Edouard Glissant - A literatura é a possibilidade de exprimir o que é difícil, ambíguo, impossível. A literatura é sempre, aliás, uma procura de impossíveis. A situação do mundo cria novos campos para o exercício literário. Não se trata de fazer uma literatura aplicada, mas de ser sensível ao que se passa no mundo, detectar no que chamo de "caos-mundo" as variações e as invariantes.
Folha - Nós, brasileiros, como os antilhanos, não somos praticantes da escrita e sim da oralidade; não tendemos a ter leitores, mas ouvintes. O escritor brasileiro, como o escritor antilhano, contraria a tendência natural da própria cultura, pratica o seu ofício contra a corrente. A posição dele é particularmente difícil, e ele é, por definição, um combatente. O que justifica esse combate na sua opinião? Por que insistir na escrita?
Glissant - Se nós nos reportamos às civilizações antigas, damo-nos conta de que, no momento em que a escrita aparece, ocorre a passagem do oral para a escrita. Os textos do Antigo Testamento, por exemplo, foram primeiro ditos e só depois foram escritos.
Durante dois milênios, vivemos com a idéia de que o escrito é transcendente em relação ao oral. A civilização oral foi considerada inferior. Hoje, com a emergência das velhas culturas orais, na África, por exemplo, e, com o cinema e a televisão, nós deixamos de considerar que a oralidade é inferior.
Folha - Mas, nesse caso, o que justifica um antilhano, ou um brasileiro, escrever, contrariar a tendência natural da própria cultura, que é a oralidade?
Glissant - Se nós não fizermos a experiência da escrita, nós entramos na modernidade com algo a menos. Seria melhor mostrar que a escrita pode se tornar mais interessante com as técnicas da oralidade, que temos uma prática da escrita muito mais aberta para o oralidade, capaz de servir à expressão de nós mesmos. O melhor é tender para soluções de síntese e não de fechamento.
Quando eu escrevo na língua francesa, aplico a ela a economia da oralidade, do contador crioulo, tento construir algo que ultrapassa tudo que já foi feito, ultrapassa os próprios gêneros literários...
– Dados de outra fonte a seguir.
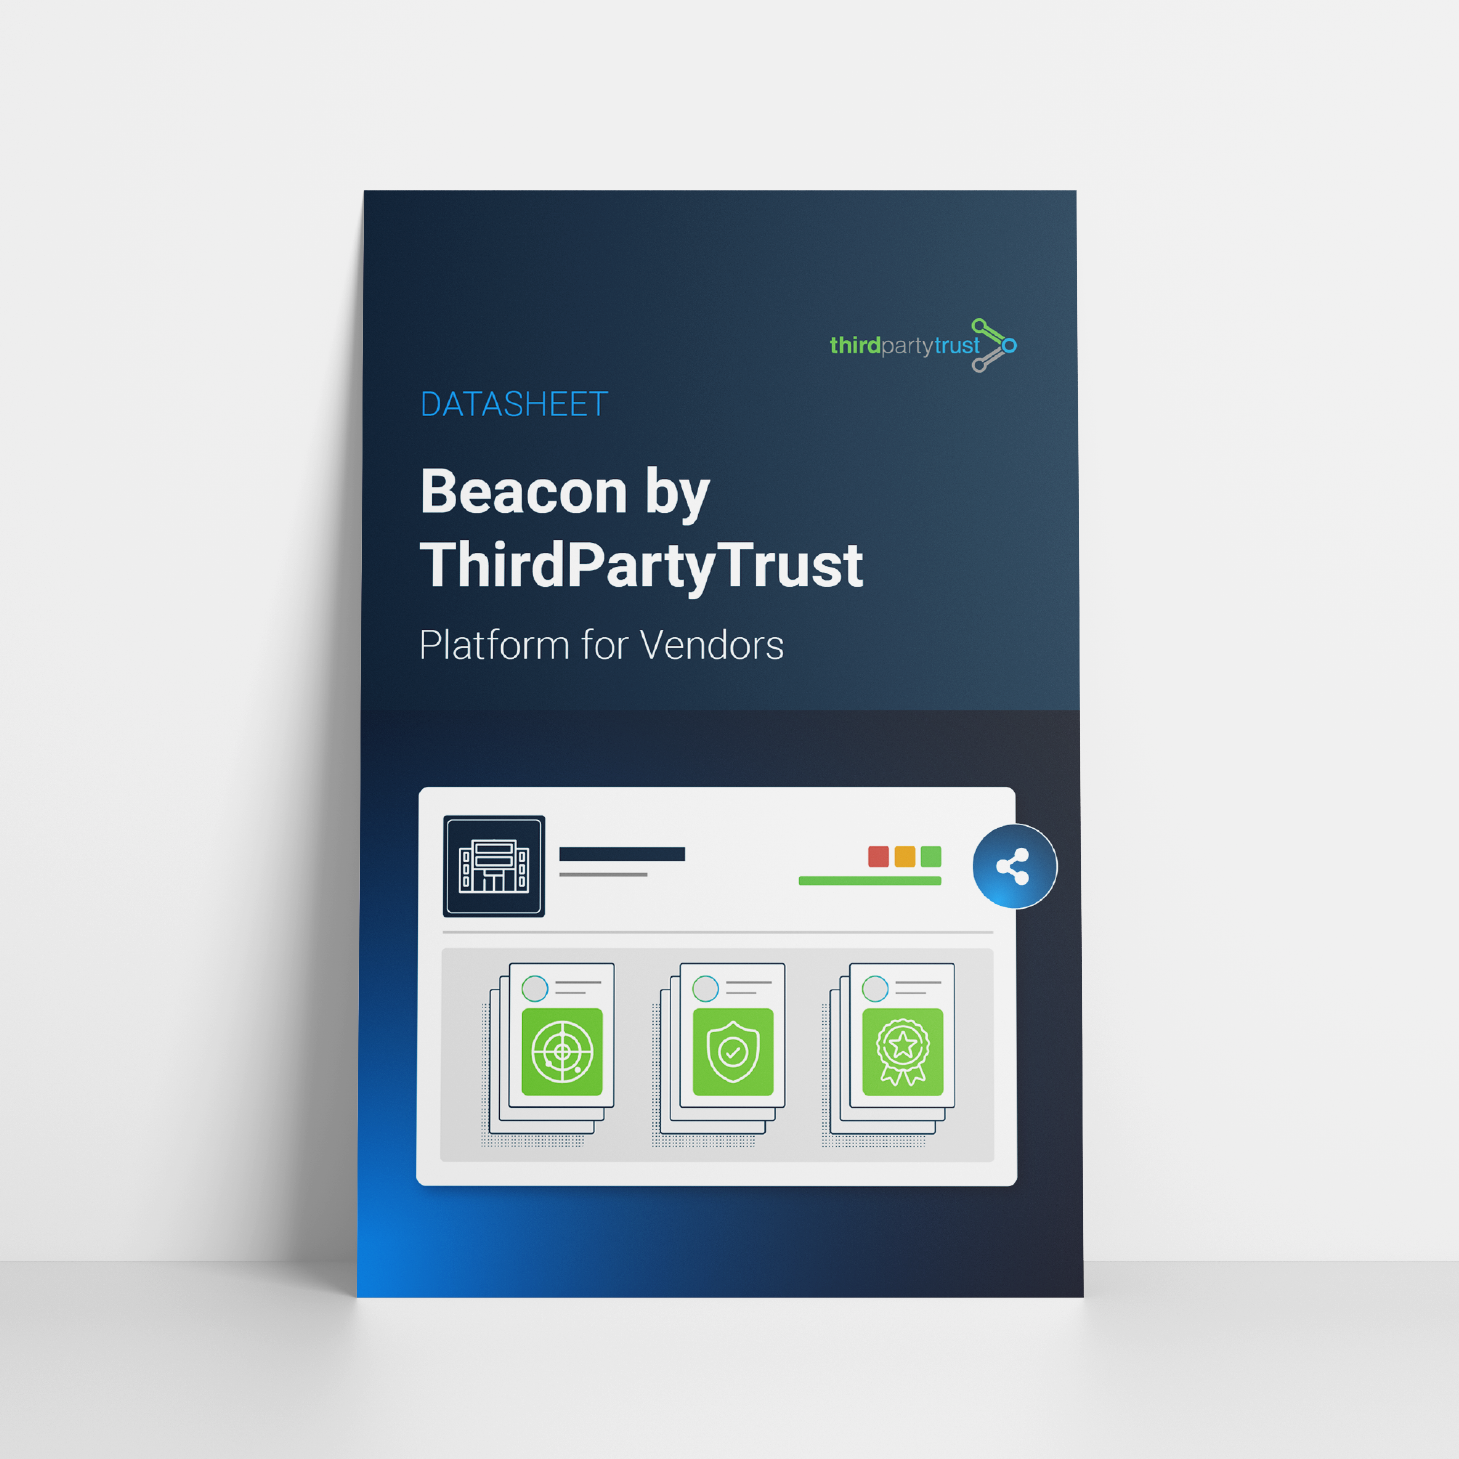 Product Datasheet: Beacon by ThirdPartyTrust

Folha - A sua posição resulta na produção de textos que não aceitam os limites dos gêneros e nem obedecem as regras estabelecidas para os diferentes gêneros literários. O mercado internacional tende a recusar esses textos e o escritor tende a desaparecer. O senhor poderia falar sobre isso?
Glissant - Não tenderá a desaparecer e sim a levar mais tempo para ser aceito. Foi isso que me aconteceu na França, onde consideravam que o meu texto era difícil por causa da oralidade. Mas pouco a pouco a coisa foi se impondo. O que eu digo hoje é muito ouvido nos meios intelectuais franceses e, há 20 anos atrás, não era. É preciso obstinar, não levar em conta as rejeições, que são sempre passageiras.
Folha - O senhor diz que o conceito hoje deve ser fecundado pela imaginação. Seria possível me explicar isso?
Glissant - No início das culturas ocidentais, o pensamento poético era fundamental. Na época dos pré-socráticos, não existia separação entre o homem e o mundo. Foi com Sócrates que houve a separação e o poético, que não separa o homem do mundo, se tornou secundário. Mas, em certas culturas africanas, nas culturas ameríndias, a separação não existe, assim como no movimento ecológico. O que diz a ecologia? Que se você estraga a terra, o ar, você faz o homem morrer.
Trata-se de uma volta ao poético, a uma forma de conhecimento que não é separável da palpitação do mundo, a um conceito fecundado pelo imaginário. Acho que a falência do pensamento do sistema, do marxismo, por exemplo, favorece um outro modo de pensar, que é mais frágil, porém é menos imperativo e menos tirânico.
Ao pensamento do sistema, que ignora o tempo, podemos opor um outro que implica na rememoração: o pensamento do traço, única possibilidade de sobrevida no Novo Mundo, para os descendentes dos africanos deportados. Não fosse o traço dos deuses, dos costumes e das línguas, este povo não teria tido como se perpetuar e, não fosse a reinvenção do traço, não poderia fazer o seu gênio se espraiar pelo planeta, com o jazz, as músicas do Caribe e das Américas.